CIRM Awards $7.5 Million in Discovery Grants to Gladstone Investigators

The California Institute for Regenerative Medicine (CIRM) has awarded more than $7.5 million to Gladstone scientists for two projects that may lead to breakthrough discoveries in regenerative medicine.

The awards—among a total of 23 grants totaling $73 million that CIRM will be funding throughout the state of California—fuel early-stage research that sparks new ideas and tools that may lead to novel therapies.

Known as “DISC0 Foundation Awards,” the grants are part of CIRM’s Discovery Stage Research programs.

“Discovery research is critical for uncovering novel disease targets and biomarkers that we can translate into therapies for clinical use,” Kelly Shepard, PhD, director of Discovery & Education programs at CIRM, says in a statement.

The funded projects “have the potential to address gaps in our current knowledge, advance our understanding of the origins and mechanisms of disease, and expand existing applications of stem cell and gene therapy-based treatments,” Shepard says.

Eliminating the Gene Therapy Bottleneck

The largest of CIRM’s new round of grants, at $5.1 million, goes to a collaborative team led by Gladstone Senior Investigator Bruce Conklin, MD. He seeks to develop a technology platform that will allow for therapeutic gene editing on a broader scale so more patients can benefit.

“Genome editing has enormous potential to cure genetic diseases.
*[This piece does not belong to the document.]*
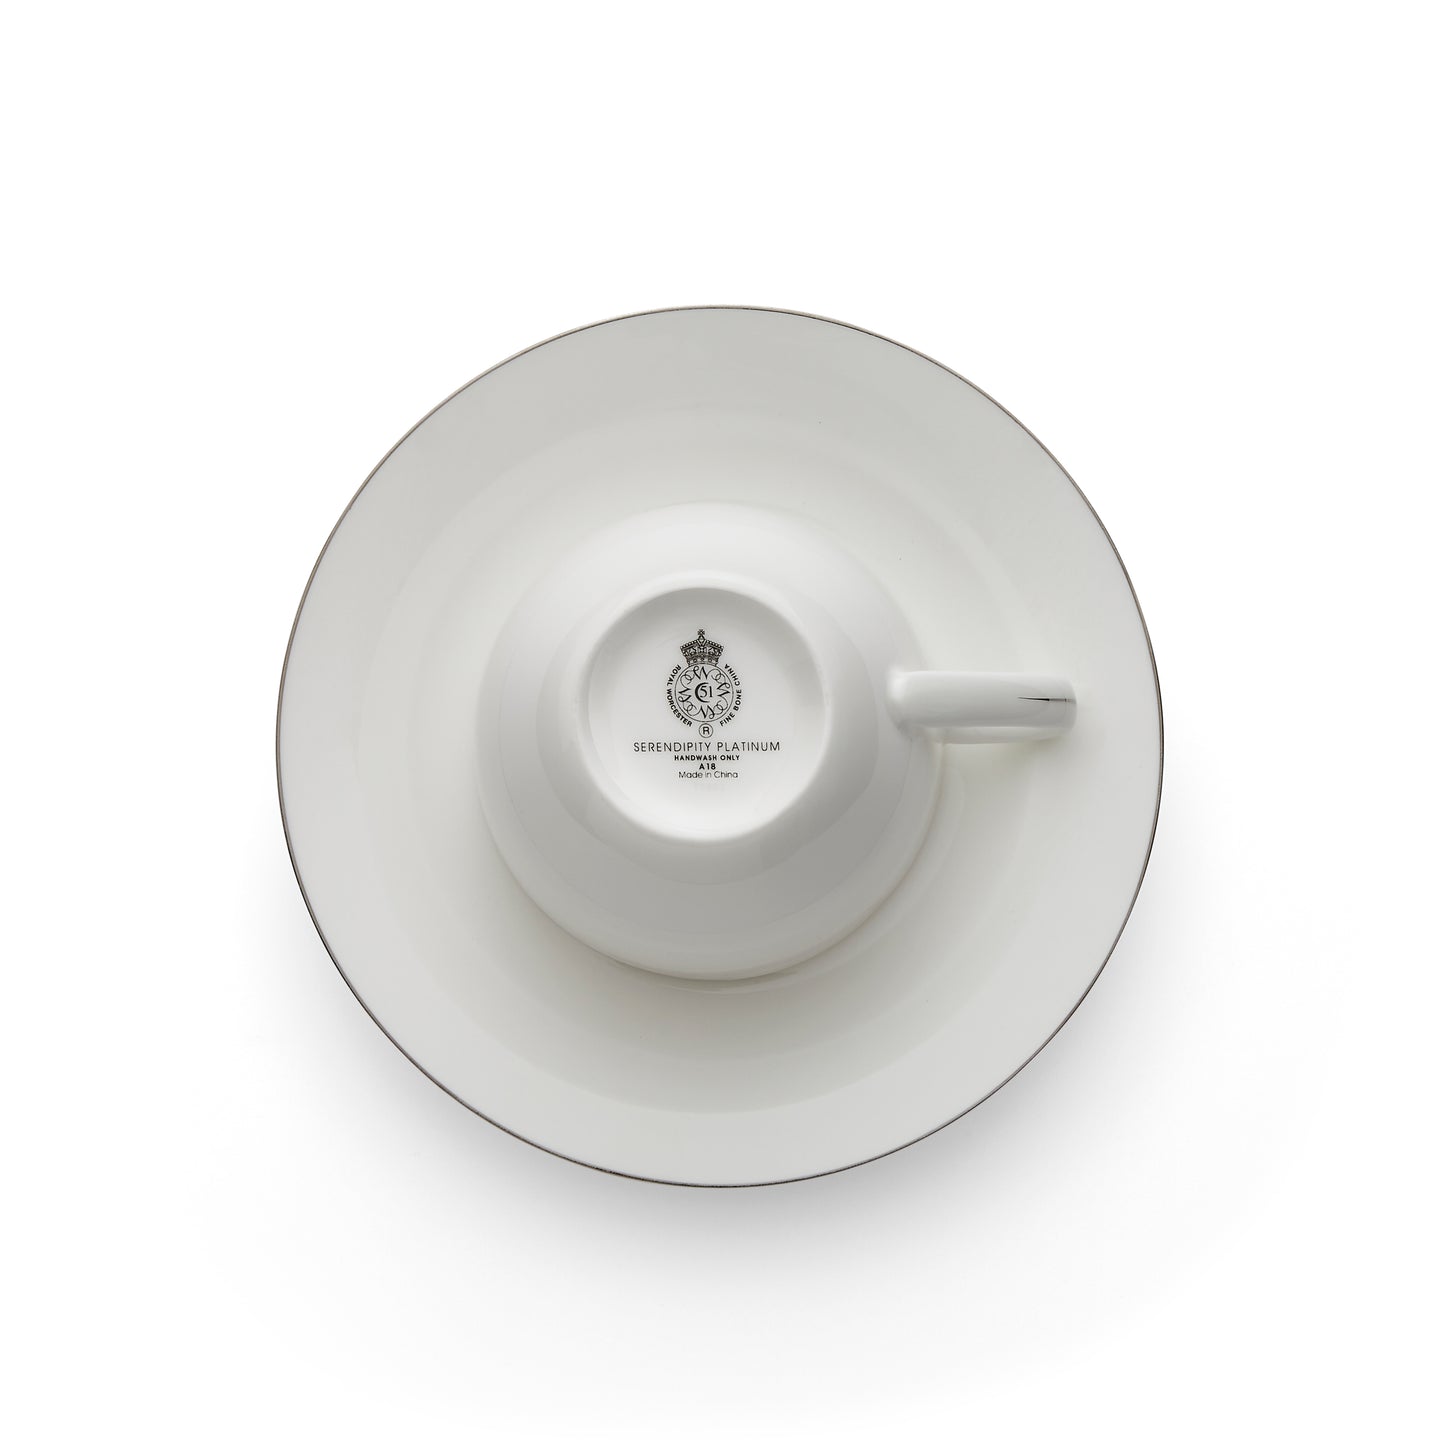 Royal Worcester Serendipity Platinum Teacup & Saucer

But today, it’s prohibitively costly to pursue clinical trials and FDA approval for individualized therapies that might only treat less than a dozen patients each,” Conklin says. “Our goal is to develop a platform that accounts for genetic diversity so we can remove that bottleneck and treat a majority of the patient population.”
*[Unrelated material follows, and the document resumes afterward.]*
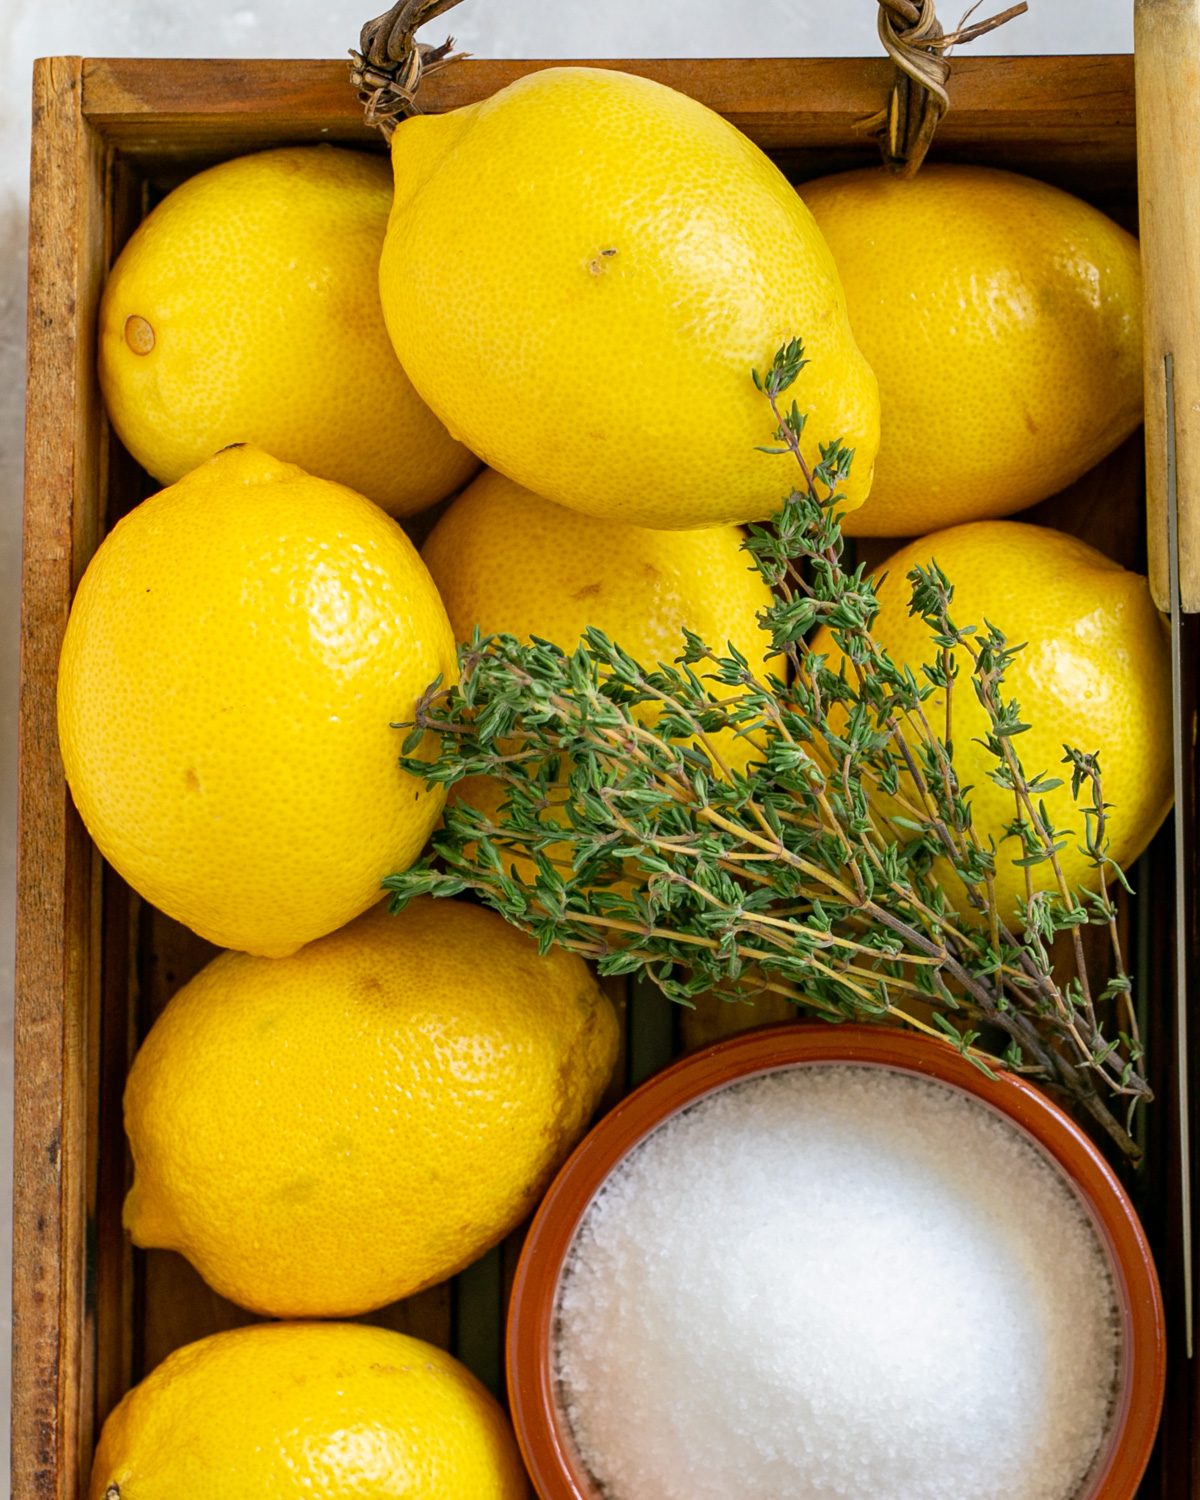 Fresh lemons from the garden

Conklin’s research project hopes to address more than 700 genetic diseases, with a focus on those that are “haplosufficient,” in which only one functioning copy of a gene is sufficient for health. Such diseases include muscular dystrophies, motor neuron diseases, cardiomyopathies, retinitis pigmentosa, and more.

The team has strong ties to patient communities all over the world, providing access to diverse cell lines for research. Proof-of-concept studies have focused on Charcot-Marie-Tooth disease, a genetic neuropathy with no current treatment.

Building Tomorrow’s Heart Therapies

CIRM also awarded $2.4 million to Benoit Bruneau, PhD, director of the Gladstone Institute of Cardiovascular Disease, for a project that leverages stem cells to pinpoint the genetic causes of congenital heart disease and other conditions.

“Our goal is to finally understand how a broad class of genetic mutations affect fundamental cellular processes that guide the formation of organs such as the heart, the brain, and the eye,” Bruneau says. “We believe this knowledge can guide innovative strategies for organ regeneration, gene therapy, and other treatments.”

Benoit Bruneau (left) received a grant from CIRM toto use stem cells to uncover the genetic causes of congenital heart disease and other conditions. 

Using genetically engineered human stem cells that model congenital heart disease, Bruneau and his team plan to map out how genes are abnormally turned on or off in disease. With the help of artificial intelligence, they’ll mine that data to reveal genetic networks that show, for the first time, how disease-related regulators function in normal and diseased heart cells.

“We aim to solve a 30-year-old question of why certain genetic mutations cause human disease,” Bruneau says.

Within three years, all of the latest CIRM-funded projects are expected to advance the field’s understanding of stem cells and genetics in human biology and disease, develop stem cell-based tools for biomedical innovation, or unlock new applications in regenerative medicine.

CIRM was created by voters in 2004 through California’s Proposition 71, and extended in 2020 through Proposition 14, to accelerate therapies for unmet medical needs. The agency funds stem cell and gene therapy research (collectively called regenerative medicine) from the earliest stages through clinical trials with the goal of advancing therapies for people in California and the world.